Exercise inputs:
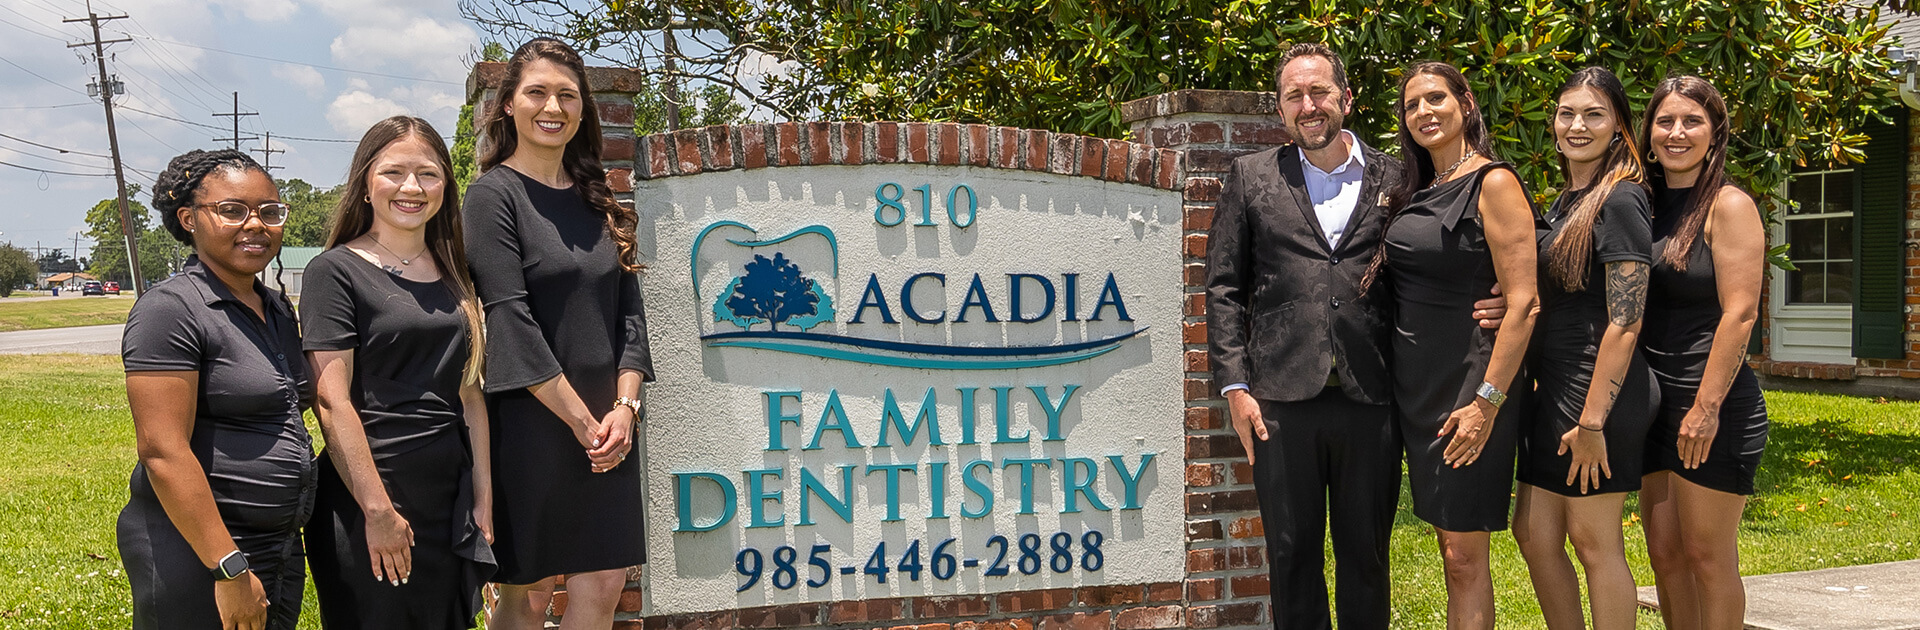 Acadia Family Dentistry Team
==
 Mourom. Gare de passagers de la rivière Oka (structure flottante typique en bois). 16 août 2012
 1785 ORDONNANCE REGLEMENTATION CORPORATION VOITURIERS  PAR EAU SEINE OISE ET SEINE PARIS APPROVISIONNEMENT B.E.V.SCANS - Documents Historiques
...
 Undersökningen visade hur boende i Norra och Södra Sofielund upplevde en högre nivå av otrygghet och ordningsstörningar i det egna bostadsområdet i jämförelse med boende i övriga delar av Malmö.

Assigned task:
Both the line containing "Mourom. Gare de" and the line containing "1785 ORDONNANCE REGLEMENTATION" belong in the answer. Print them and every line above that falls between them exactly, and no others.

Solution to this problem:
 Mourom. Gare de passagers de la rivière Oka (structure flottante typique en bois). 16 août 2012
 1785 ORDONNANCE REGLEMENTATION CORPORATION VOITURIERS  PAR EAU SEINE OISE ET SEINE PARIS APPROVISIONNEMENT B.E.V.SCANS - Documents Historiques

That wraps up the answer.